Sen. Barry Goldwater (R. Ariz.) departed yesterday from Reagan Administration Mideast policy with the assertion he would be in favor of talking with the Palestine Liberation Organization if that step would help to reduce international terrorism.
Declaring that one terrorist act sparked another, he said in a telephone interview with an NBC radio affiliate here that “that’s what you’re seeing in Iran but I think that’s what you’re going to see more of in the Middle East.” He spoke from Phoenix with Ken Alvord of the program, “News Talk ’98” on WRC.
Goldwater argued that the PLO “is demanding not necessarily recognition but that they be talked to, and while I don’t think anything is ever going to come of any talks with them, I think that until we do talk to them, we’re going to have more and more trouble.” He added he would “do anything to calm down these acts of terrorism.”
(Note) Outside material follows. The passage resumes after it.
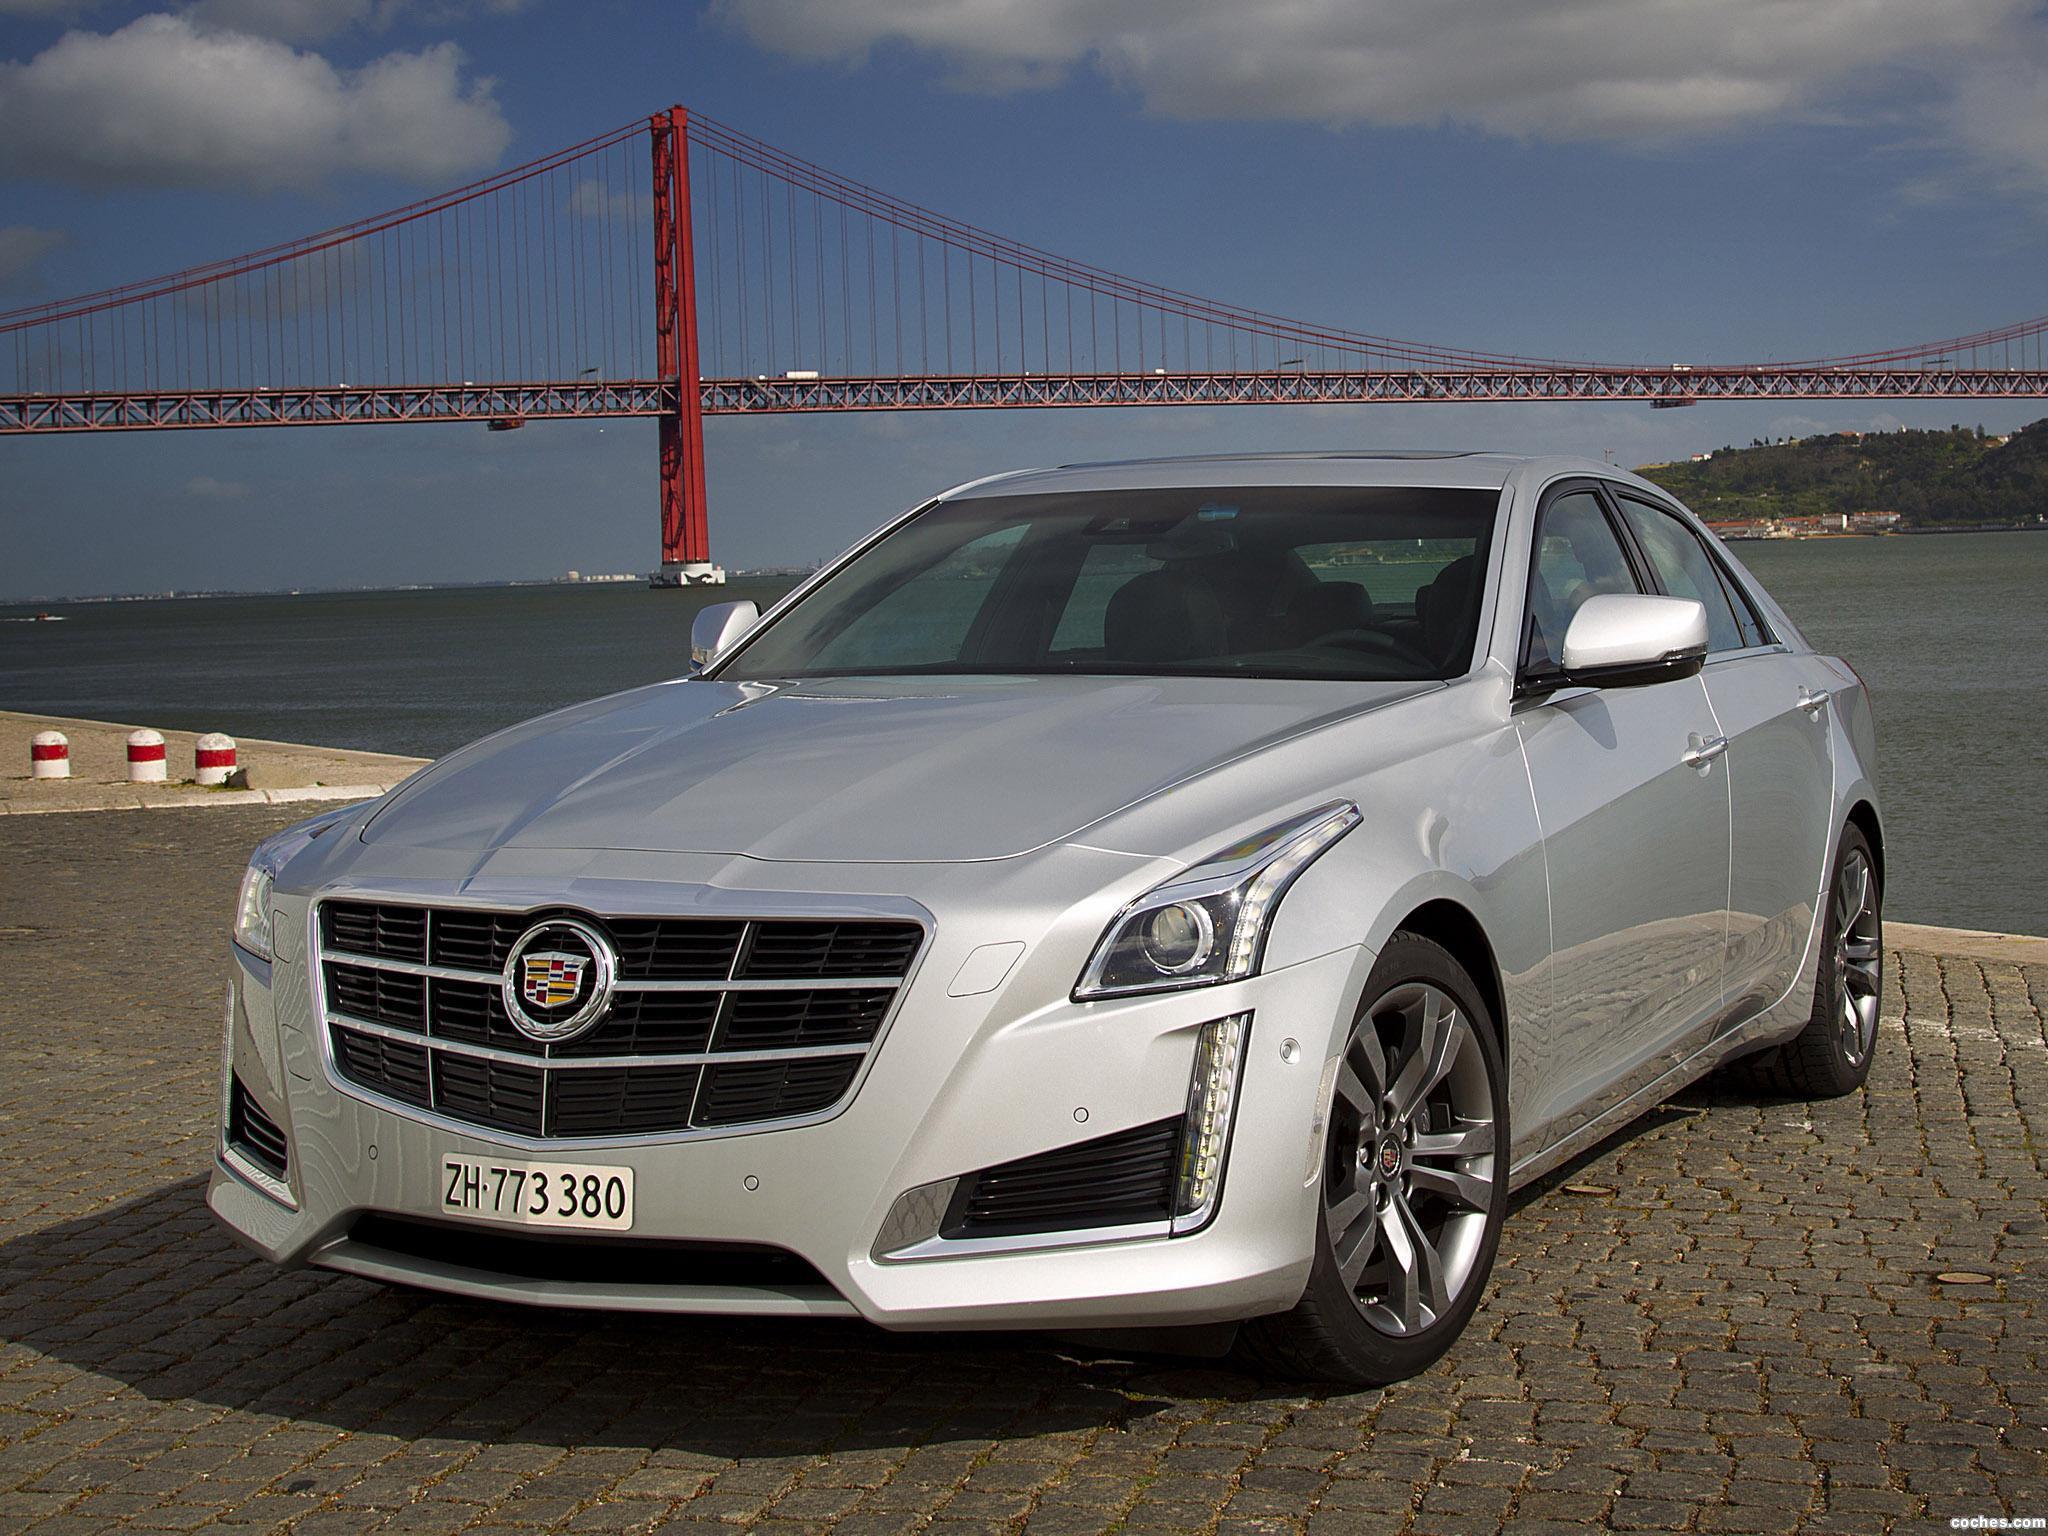 Foto 11 de Cadillac CTS Europe 2014

The policy of the Reagan Administration, like those of previous Administrations, is to refuse to meet with PLO chief Yasir Arafat until the PLO accepts United Nations Security Council Resolutions 242 and 338, which call for recognition of the right of existence of all states, including Israel, in the region.
Goldwater said later yesterday that he had been urging talks with the PLO “for at least five years” but that no one had listened to him. Asserting that terrorism was part of the larger Middle East deadlock, he said he thought the United States “should urge” Premier Menachem Begin and the Arab leaders “to sit down and talk to this man,” Arafat.